__Given material__:
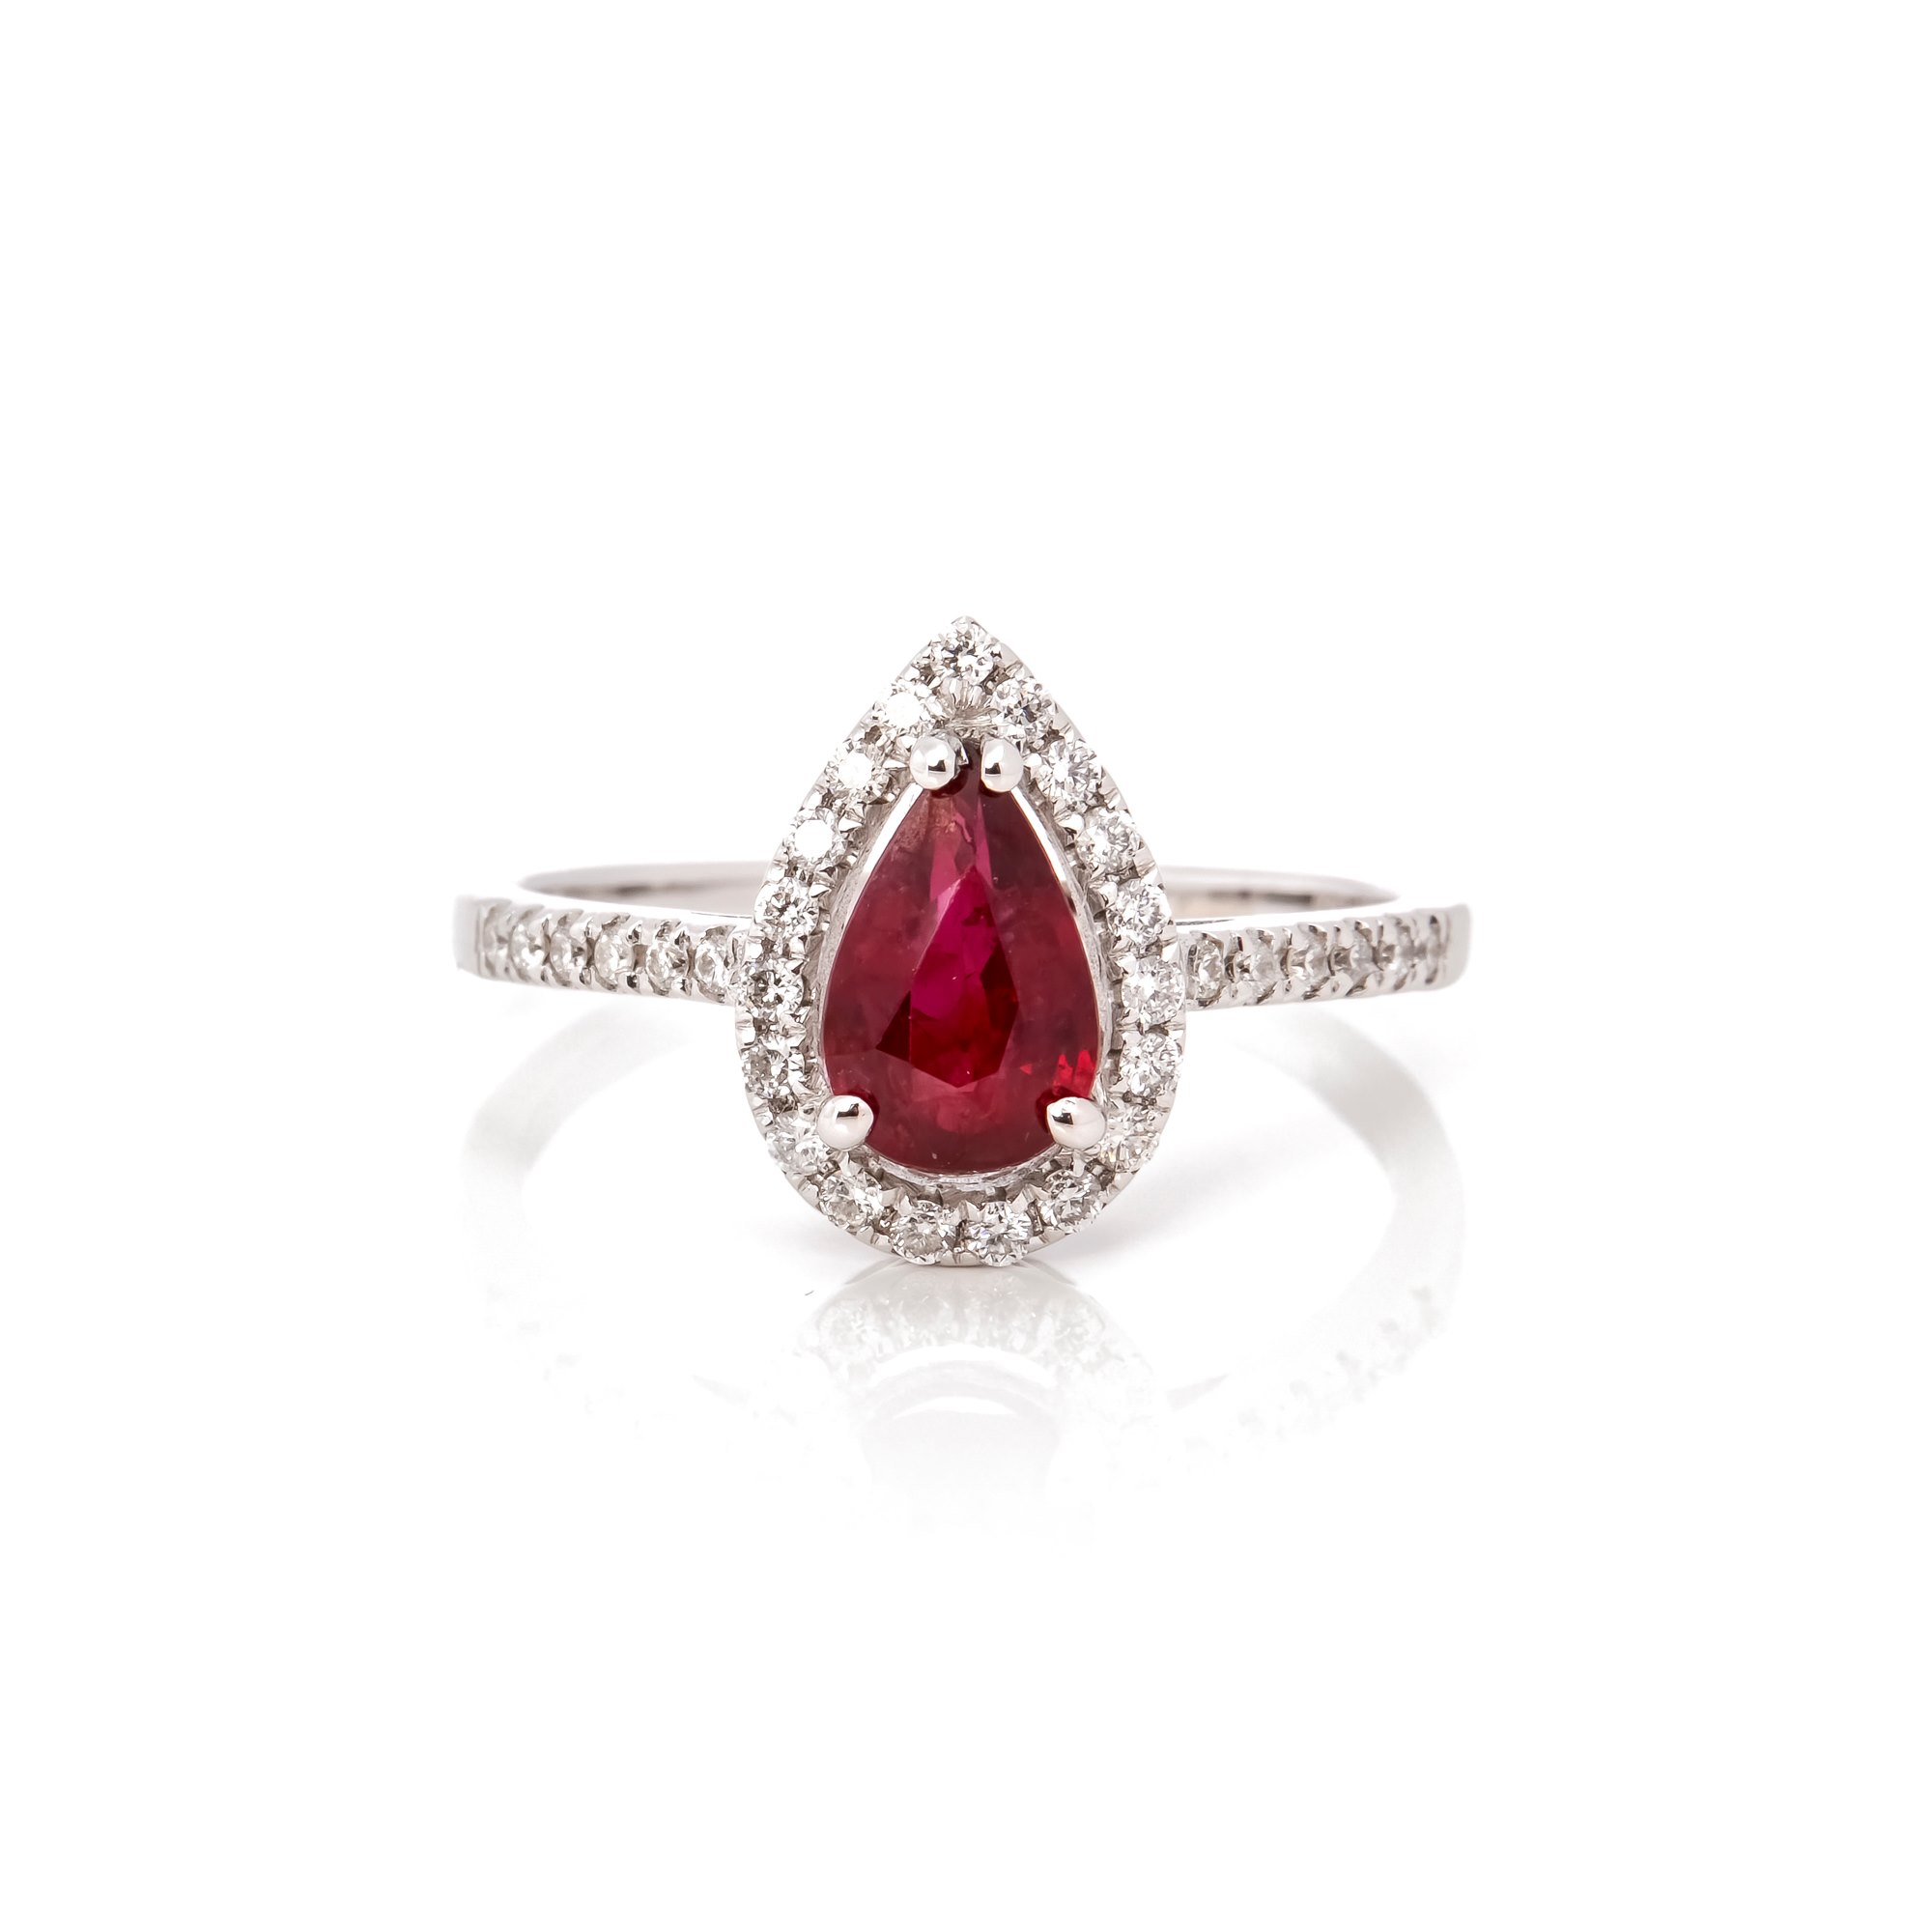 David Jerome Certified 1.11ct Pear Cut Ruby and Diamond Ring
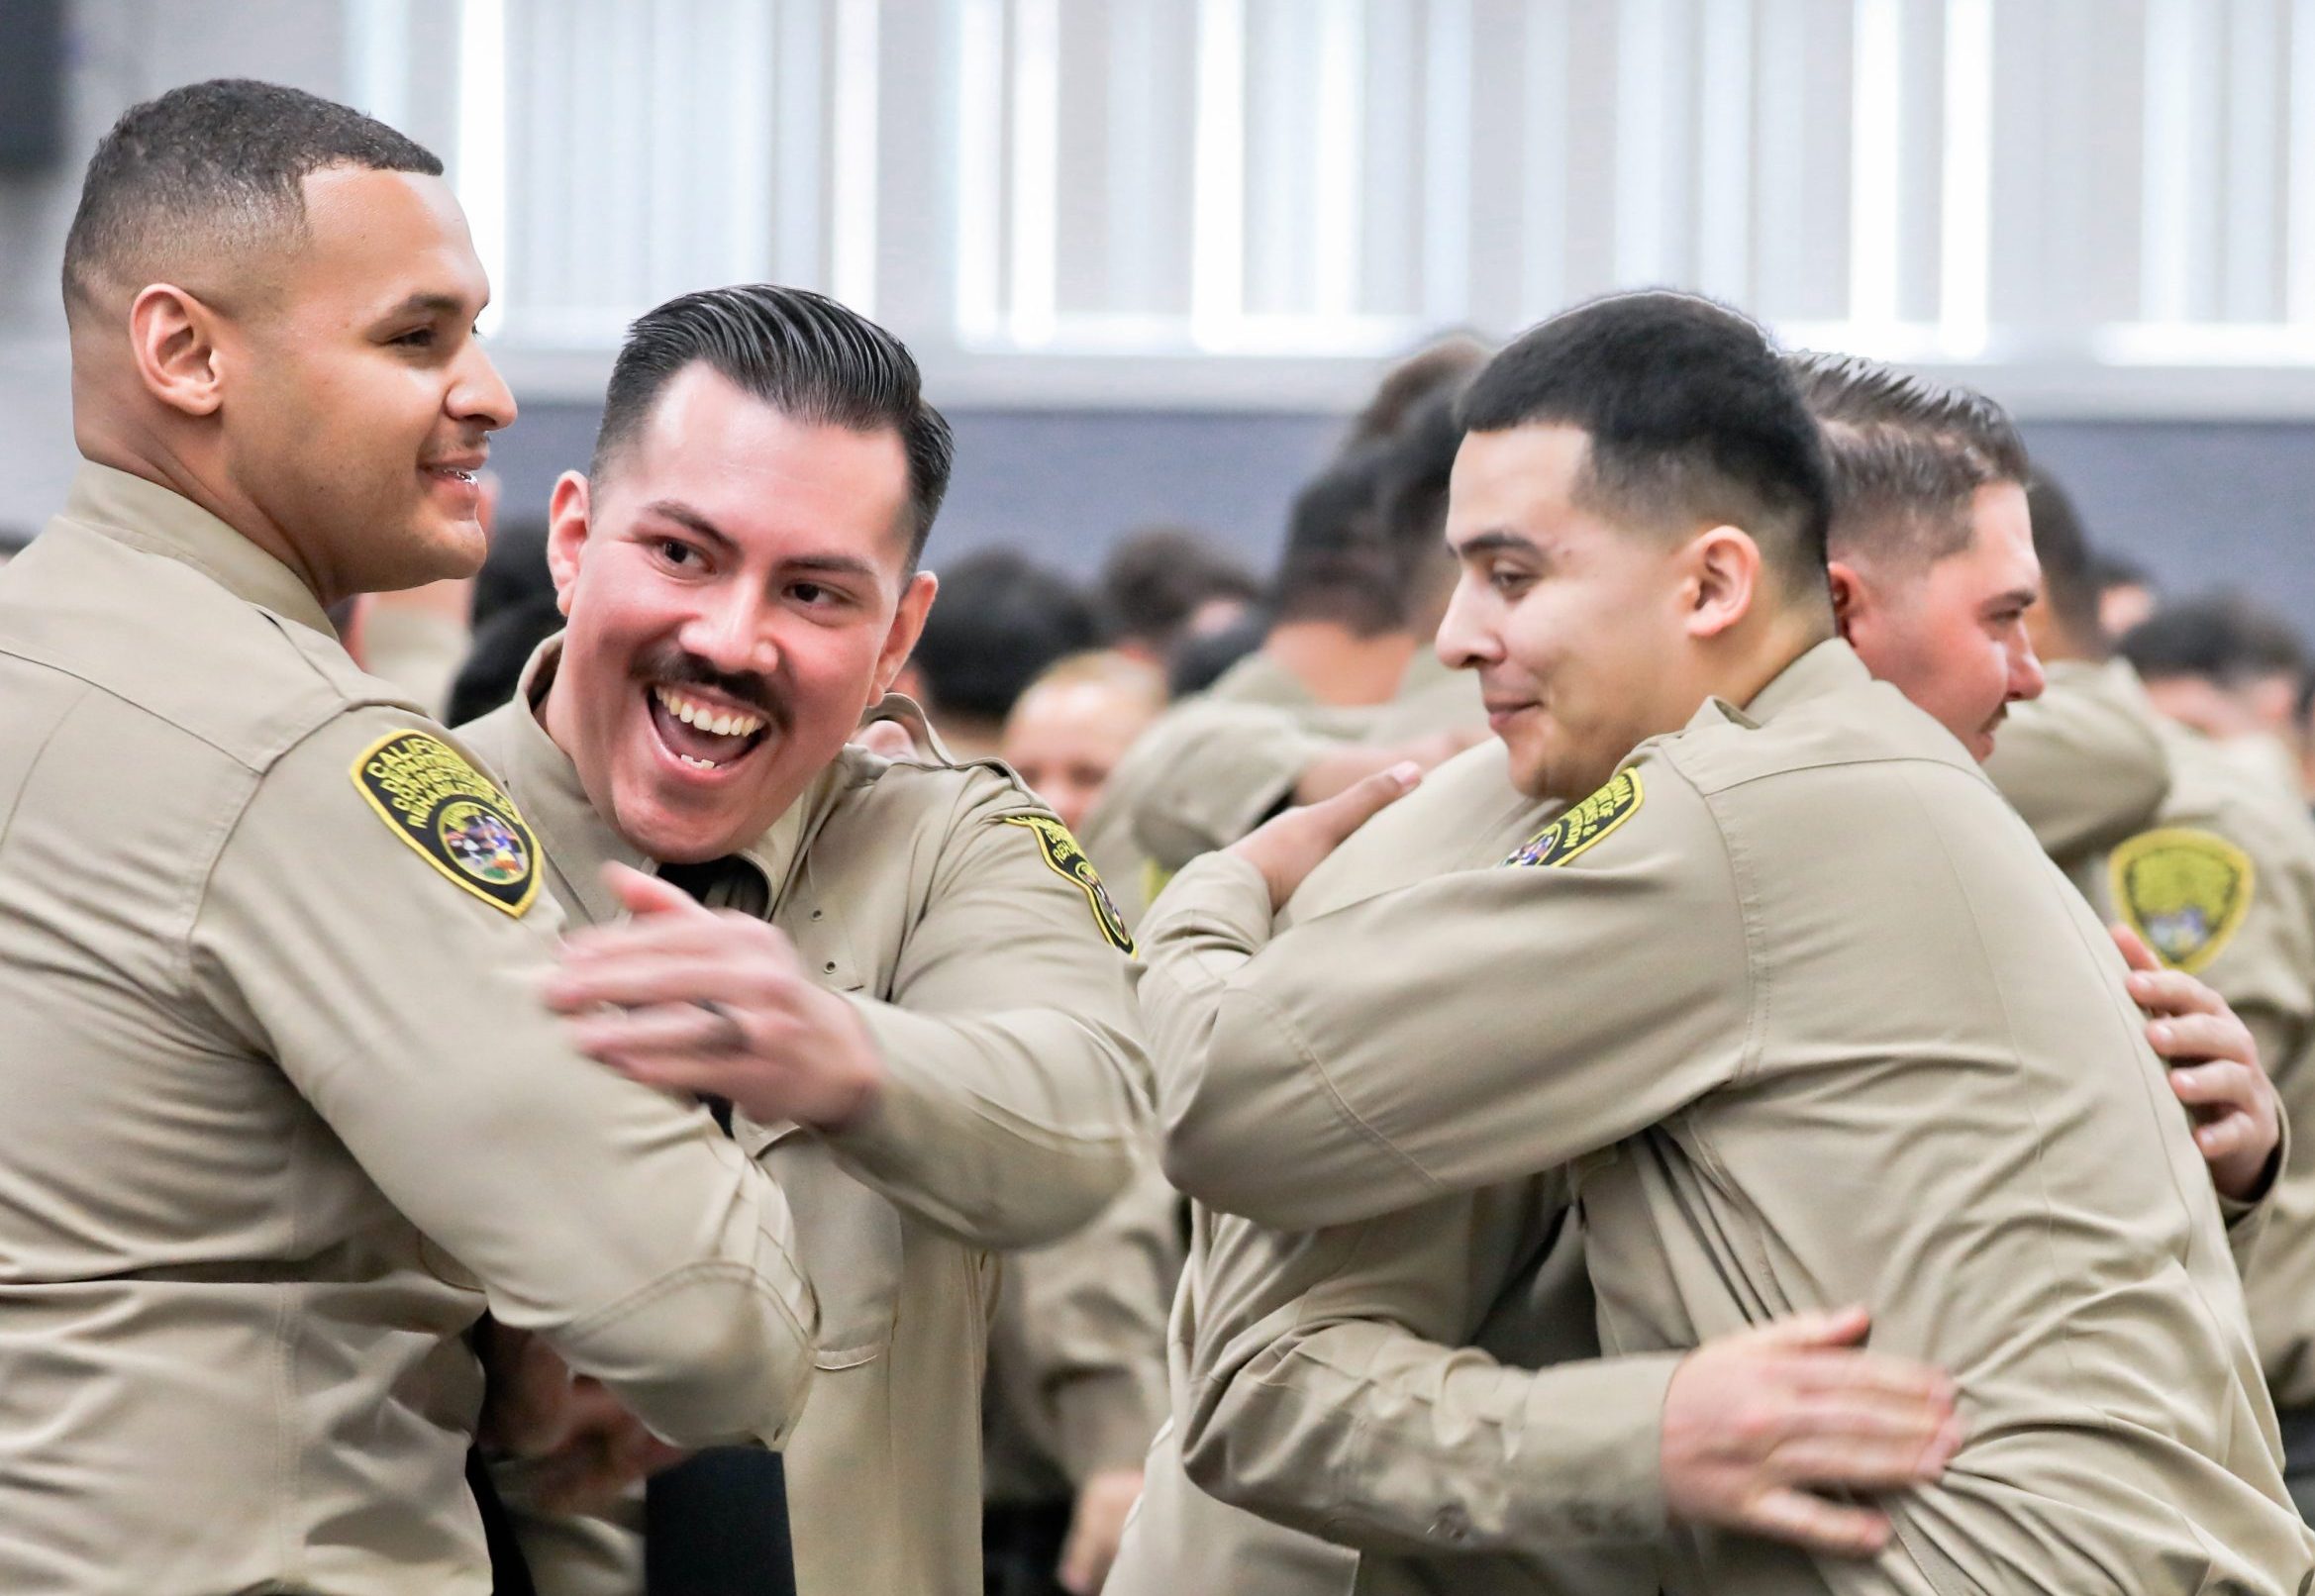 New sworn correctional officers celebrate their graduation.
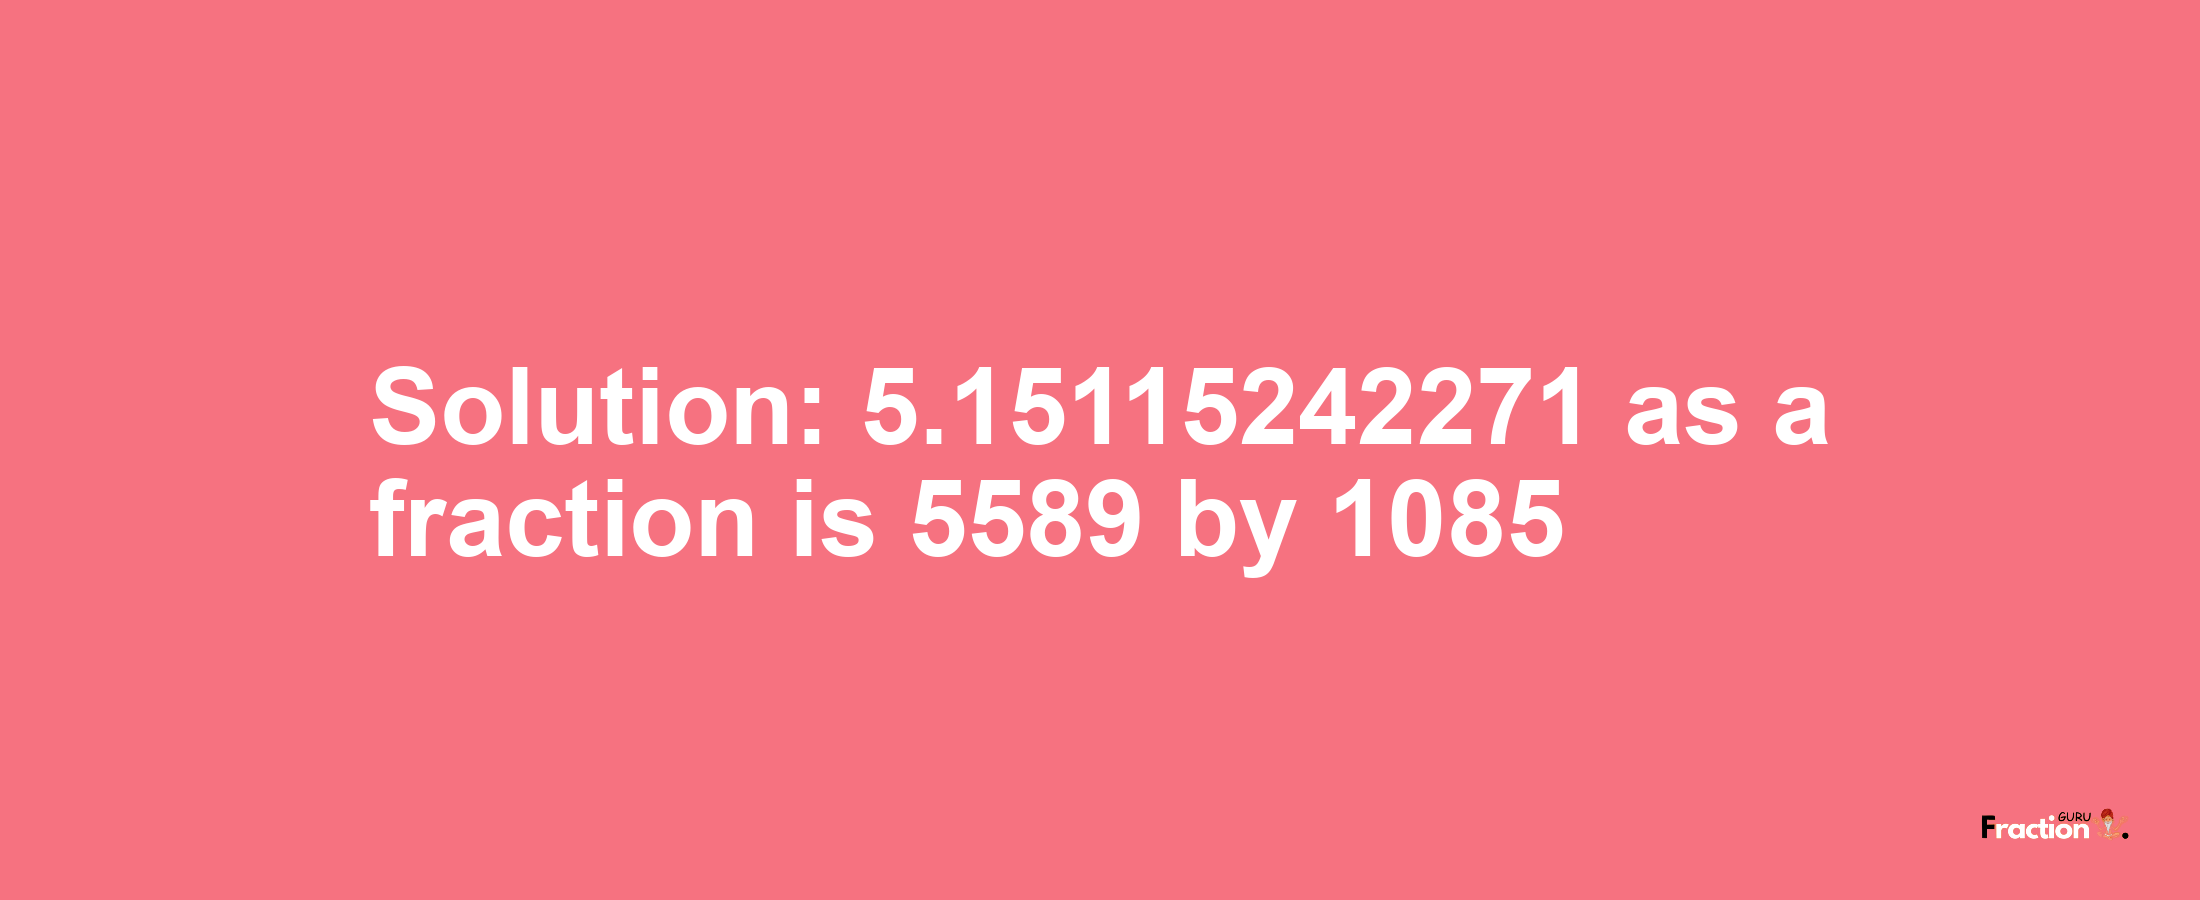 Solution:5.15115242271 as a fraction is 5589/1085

__Exercise directions__:
Where a picture appears, skip it and copy the rest of the data word for word.

__Task result__:
 David Jerome Certified 1.11ct Pear Cut Ruby and Diamond Ring
 New sworn correctional officers celebrate their graduation.
 Solution:5.15115242271 as a fraction is 5589/1085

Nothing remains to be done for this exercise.